Adjuvant supplements include:
-Nifedipine  (Unknown Mechanism of action)
-Statins 1 (eg. Lipitor, Crestor)
-Pentoxyphiline (Trental)
- Haloperidol  (Haldol)

-Sodium Valproate


* The aforementioned medications work as palliative medications, but their mechanism of action is not fully understood.


Methods to decrease forgetfulness in Alzheimer’s disease.
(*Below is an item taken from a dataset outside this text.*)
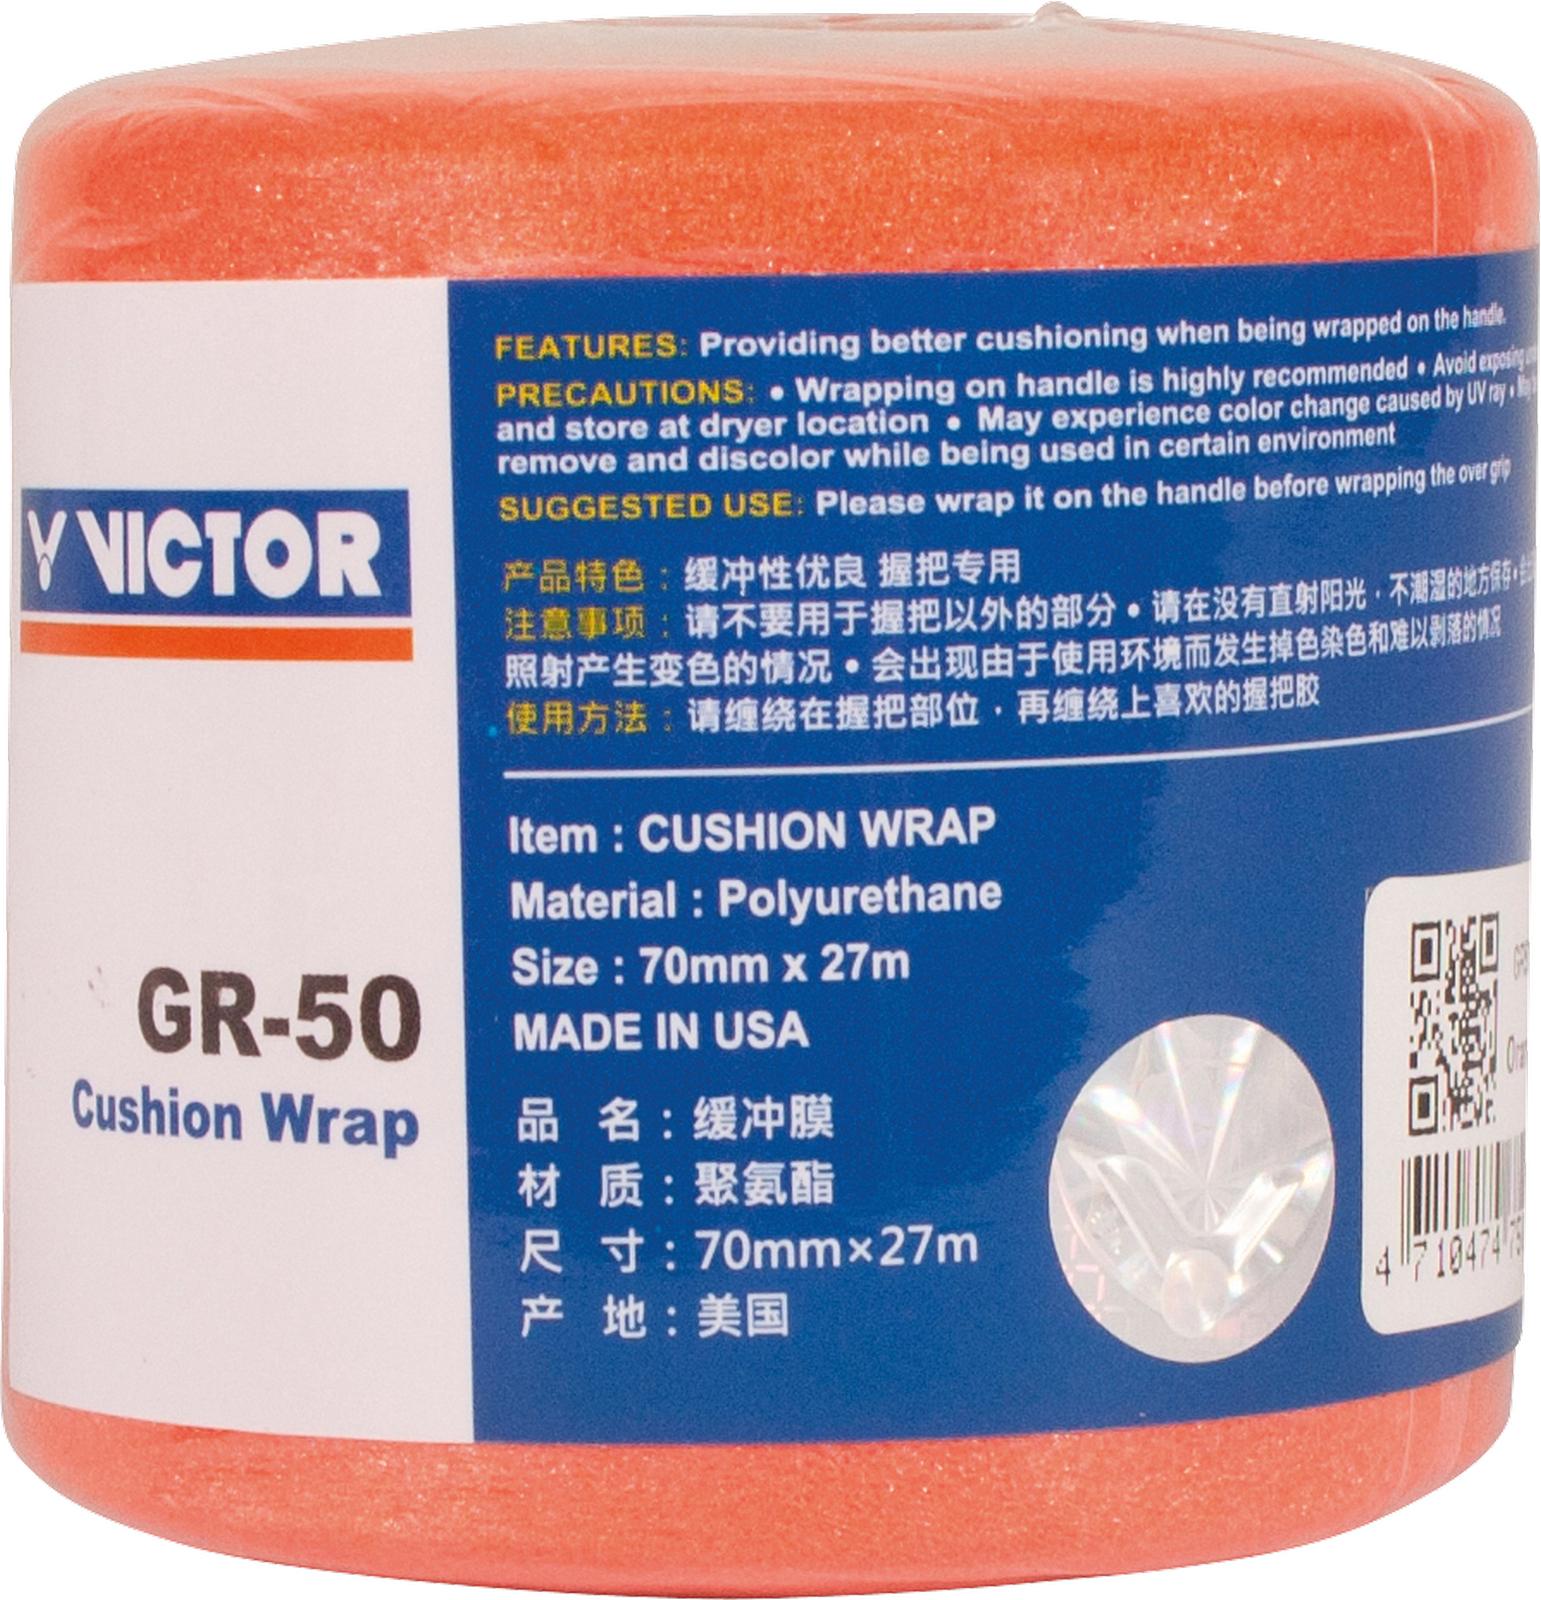 Victor Cushion Wrap
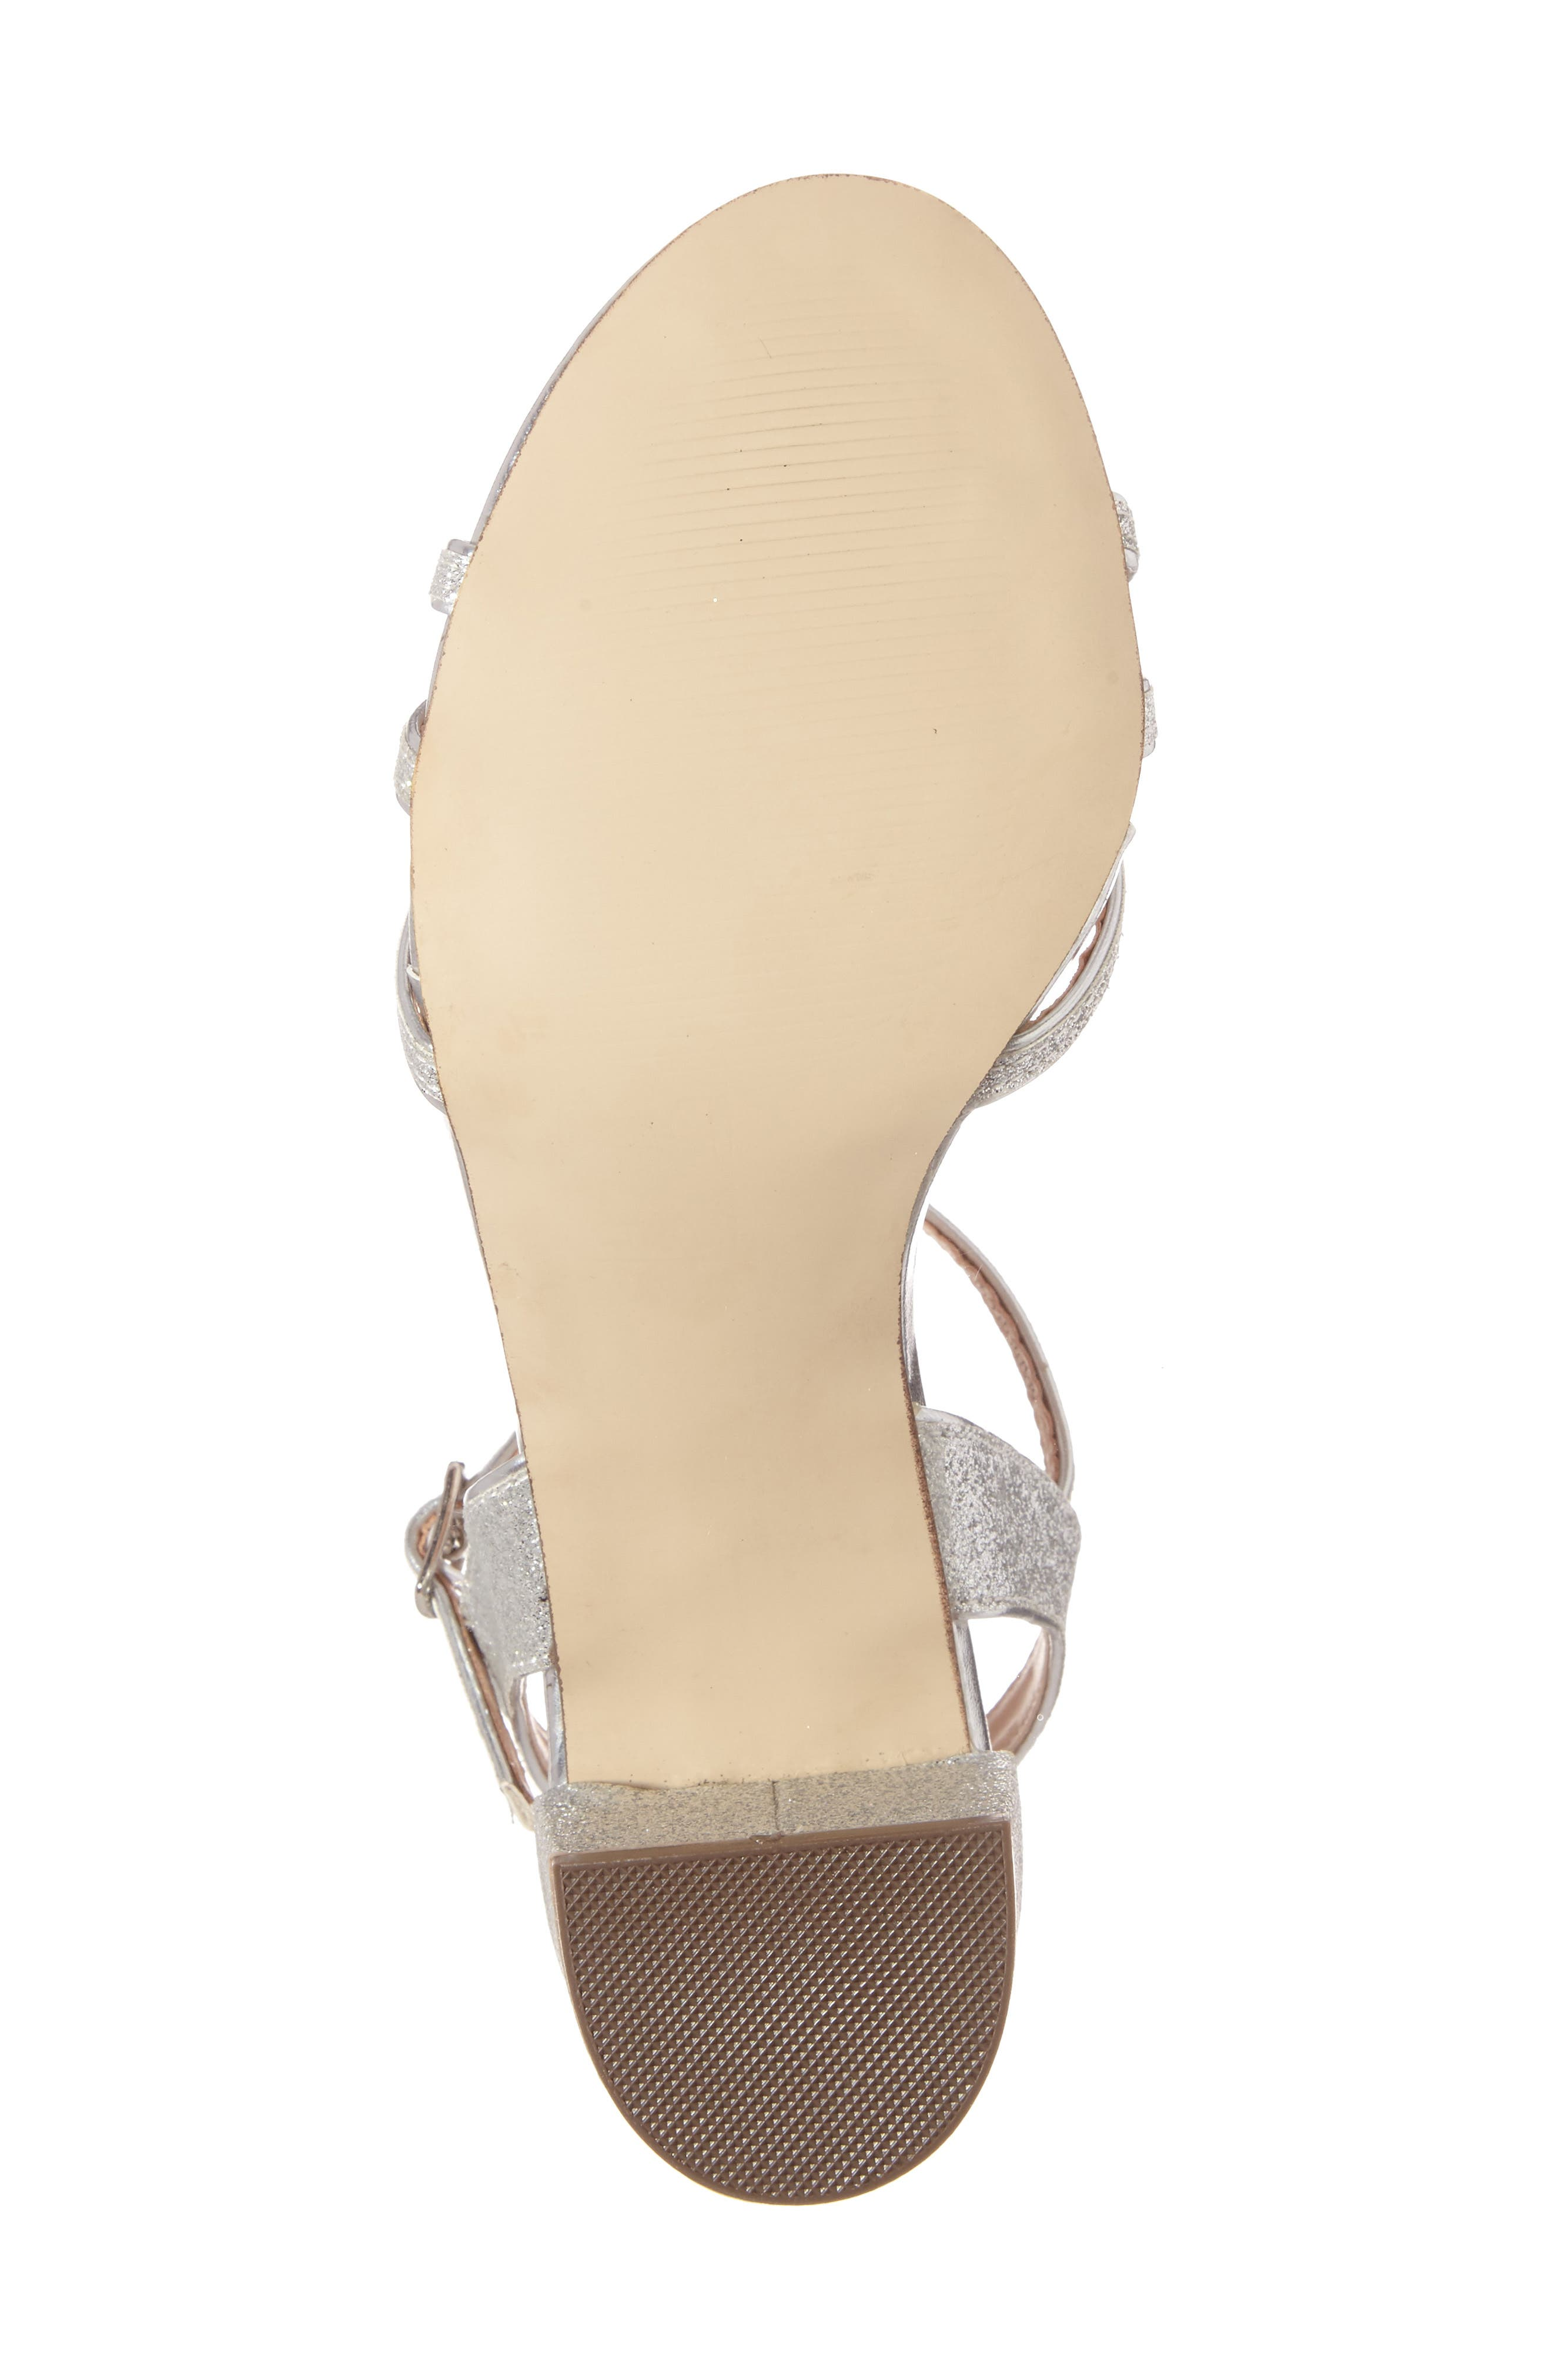 Sadie T-Strap Sandal,                             Alternate thumbnail 4, color,                             040

-Intellectual exercises that is unrelated to their original career or occupation.
-Scrabble
-Monopoly
-Chess
-Sudoku
-Cross word puzzles
-N-Back test
-Counting back wards in 7’s or 4’s from 200
-Simple Math problems in general without paper and pencil
-Change in daily routine
-Supplements such as a combination of Huperzine and Gingko5 as found in supplements MC2
-Listening to classical music

*Always consult with your physician if you have queries or doubts regarding decreasing or loss of memory.








Bibliography
1. -"Neurofibrillary Tangles." Wikipedia. Wikimedia Foundation, 19 Feb. 2014. Web. 22 Mar. 2014.
2. - Landes AM, Sperry SD, Strauss ME, Geldmacher DS. Apathy in Alzheimer's Disease. J Am Geriatr Soc. 2001;49(12):1700–7. doi:10.1046/j.1532-5415.2001.49282.x. PMID 11844006.
3. - De Meyer G, Shapiro F, Vanderstichele H, Vanmechelen E, Engelborghs S, De Deyn PP, Coart E, Hansson O, Minthon L, Zetterberg H, Blennow K, Shaw L, Trojanowski JQ. Diagnosis-Independent Alzheimer Disease Biomarker Signature in Cognitively Normal Elderly People. Arch Neurol.. 2010;67(8):949–56. doi:10.1001/archneurol.2010.179. PMID 20697045.
4.- Li J, Wu HM, Zhou RL, Liu GJ, Dong BR (2008). "Huperzine A for Alzheimer's disease". In Wu, Hong Mei. Cochrane Database of Systematic Reviews (2): CD005592. doi:10.1002/14651858.CD005592.pub2. PMID 18425924.
 5.- Yaari, Roy, MD, and Jody C. Bloom, MD,PhD. "Medscape Log In." Medscape Log In. N.p., n.d. Web. 17 Apr. 2014.